Depois que recebi a bolsa, o Instituto Mind and Life começou a procurar um Cientista Sênior. Eu me candidatei, consegui a vaga e trabalhei com eles por quatro anos como cientista sênior e coordenador de pesquisas. Isso me colocou em contato com pessoas incríveis como Sua Santidade o Dalai Lama, Jon Kabat-Zinn e Richard Davidson. Eu me senti como se tivesse encontrado meu nicho. Foi uma série de eventos que foram se sucedendo e que eu não tinha como frear. Tornou-se uma vocação para mim. Tive até a oportunidade de apresentar minha pesquisa ao Dalai Lama, na Clínica Mayo em Rochester, Minnesota, EUA, como parte do evento XXV Mind and Life, e ele considerou que os meus modelos eram “bem bons”. Éramos seis apresentando e representando os bolsistas Varela. Sua Santidade apontou o dedo para nós e disse, “Vocês são todos responsáveis por diminuir o sofrimento nesse mundo. Eu estarei de olho…” Ouvir isso do Dalai Lama foi bem expressivo e eu o levei à serio, e me comprometi mais  profundamente com o potencial autotransformador que essas práticas podem ter. Os campos de pesquisas em ciência contemplativa e mindfulness estão agora se tornando cada vez mais precisos, tanto no aspecto teórico e mecanicista quanto na maneira como funcionam. Precisamos entender como essas práticas funcionam e qual é a melhor forma de aplicá-las a determinados indivíduos – esse é basicamente meu programa de pesquisa para os próximos 30 anos.

Você tem uma prática pessoal de mindfulness ? Se sim, no que ela contribui para sua investigação científica?

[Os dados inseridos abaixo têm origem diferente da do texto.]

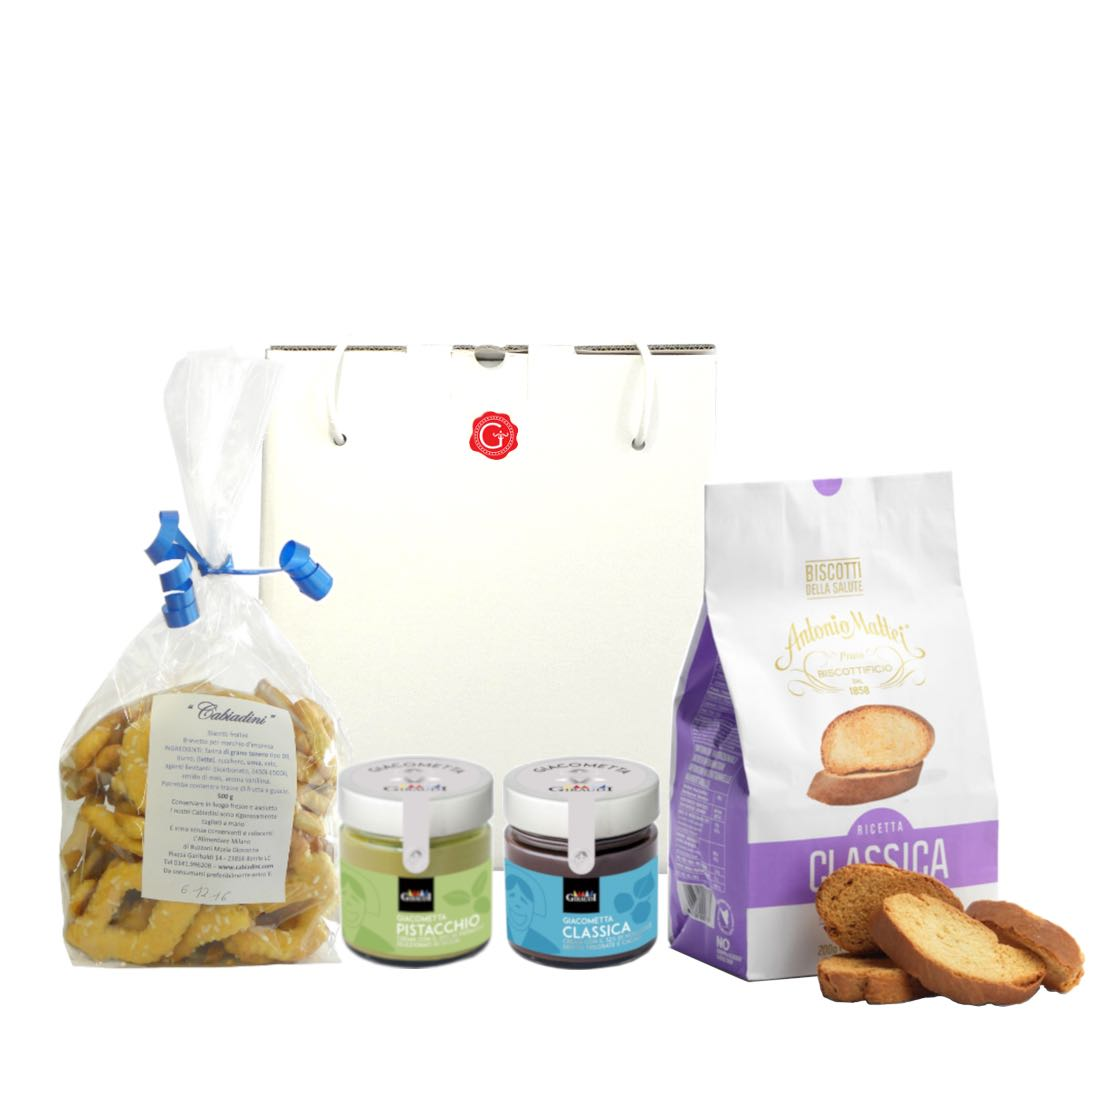 confezione regalo con dolcezza – Gustorotondo – buono sano artigiano – spesa online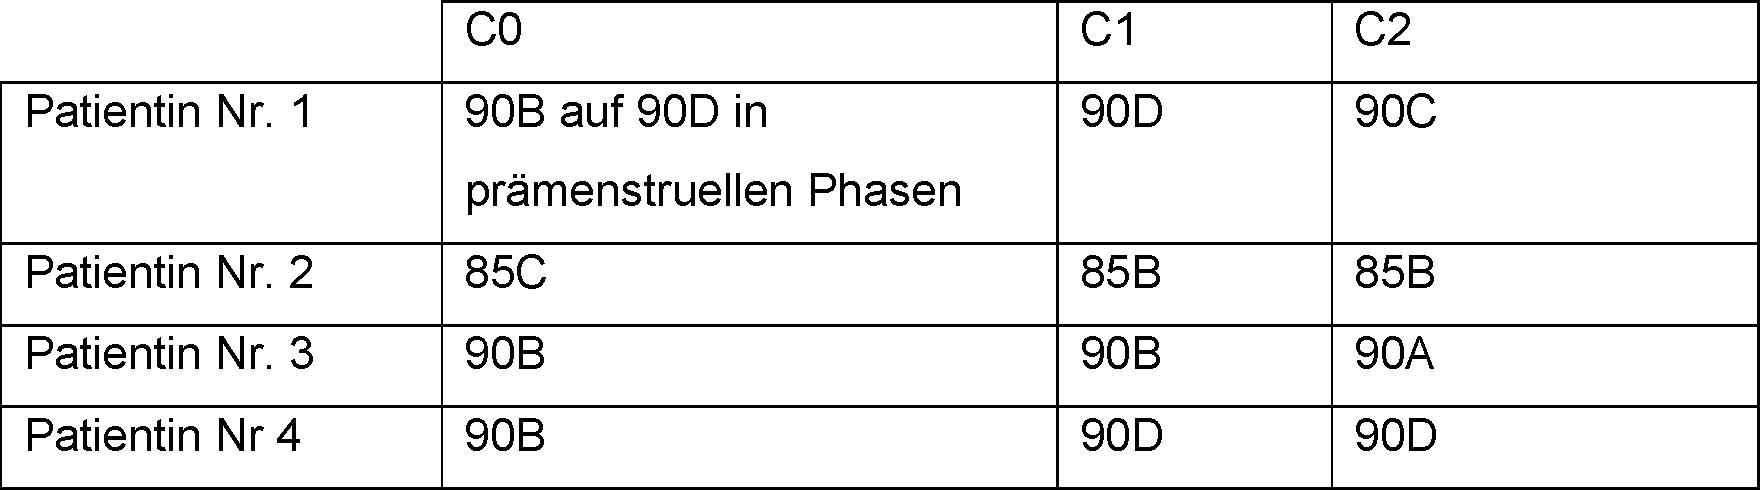 Beispiel 85c brust

Sim, tenho. Assim como um cardiologista pratica exercícios e tem uma boa dieta, você descobre na prática os benefícios do seu trabalho. Imagine um cardiologista que fosse obeso e não praticasse exercícios regularmente. Você poderia não confiar no engajamento que ele tem com a medicina. Como um praticante de meditação, tenho maior clareza sobre o que essas práticas fazem e tenho mais ideias para pesquisas. E isso me possibilita checar em mim mesmo se eu estou sendo dragado pelo jogo de egos da Academia. Também me permite ser mais altruísta nos meus motivos para ajudar os outros. Vejo isso como um serviço que faço para ajudar os outros.

Sem uma prática, acho que é possível manter-se objetivo no âmbito da ciência, mas você pode perder muito no que se refere às ferramentas e métodos que podem ser utilizados para investigar o que a prática de mindfulness está produzindo. Por exemplo, se você fosse um praticante, você poderia tomar um dos oito itens de auto-avaliação de mindfulness e usá-lo em seu experimento para testar se índices altos de traços de mindfulness são preditivos de melhoras na atenção. O que você poderia descobrir seria que índices elevados de traço de mindfulness podem não resultar em melhoras na atenção. Resultados como esse certamente são significativos, mas podem não demonstrar o potencial transformativo de se sentar em meditação.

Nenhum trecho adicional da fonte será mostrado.